I won by four pins thanks to a lucky strike off the bumper (yes, the bumper) on the last frame. Sophia, 5, seemed mildly upset and wondered why she didn't win. Ella wasn't bothered. "I just wanted to have fun," she said.
Sophia's interest in winning and Ella's preference to have fun made me wonder: Is competition good or bad for kids?
In the adult world, success tends to grace those who work harder than their peers. Competition drives the open market and encourages growth. It provides incentive to create better products, train harder or learn more. A company's ability to succeed is predicated on hiring better employees and developing better systems than the other companies.
But for those who are more inclined to cooperate than compete, having rivals is stressful and can even inhibit participation. My wife, Tanya, for example, prefers collaboration to competition and avoids situations that promote a win-or-lose mentality. I play basketball; she prefers yoga.
Things change when we talk about kids, whose goals lean toward intellectual and emotional growth, not the almighty dollar. Some experts say that competing for better grades in schools actually detracts from a student's ability to succeed.
According to Alfie Kohn, an author of 12 books on parenting and education and an outspoken critic of our fixation with grades and test scores, competition in schools is harmful. Kohn quotes studies illustrating that a child's sense of self-worth is defined by external sources. By focusing on winning the prize instead of performance quality, their inherent sense of value becomes a function of victory or defeat. The more a child competes, says Kohn, the more they need to compete to continue to feel good about themselves. A vicious cycle.
But competition is a reality in our society. From education to business and sports to relationships, we compete. For one to rise to the top, another must fill the vacuum at the bottom. The cost of the resultant hierarchy is that there will always be more losers than winners. Is it possible to skew this theory so more kids become the latter?

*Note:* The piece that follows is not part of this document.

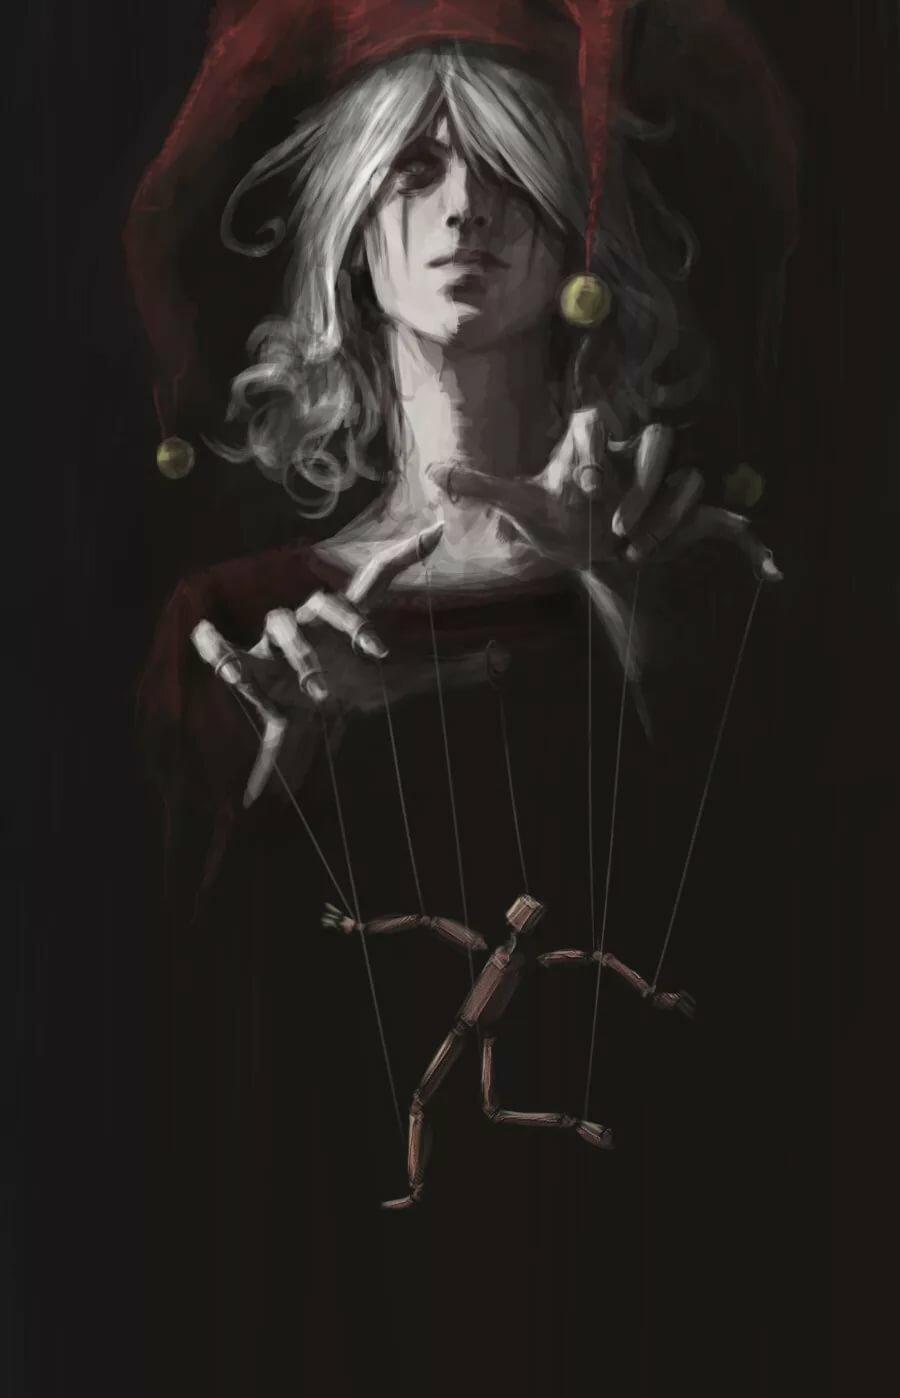 Картинка мужчина кукловода

In a world where competition is unavoidable but cooperation is critical, parents need to play the game. Maybe we should decide what's more important, victory or value. Otherwise, we need to find the middle ground between individual quality and productive collaboration. Surely it exists.
Competition has made our country great, and it always feels good to be recognized for superior efforts. But the greatest triumphs in our civilization's history - democracy, space exploration, city building, to name a few - were team efforts with many winners.
I'll remember that after my next gutter ball.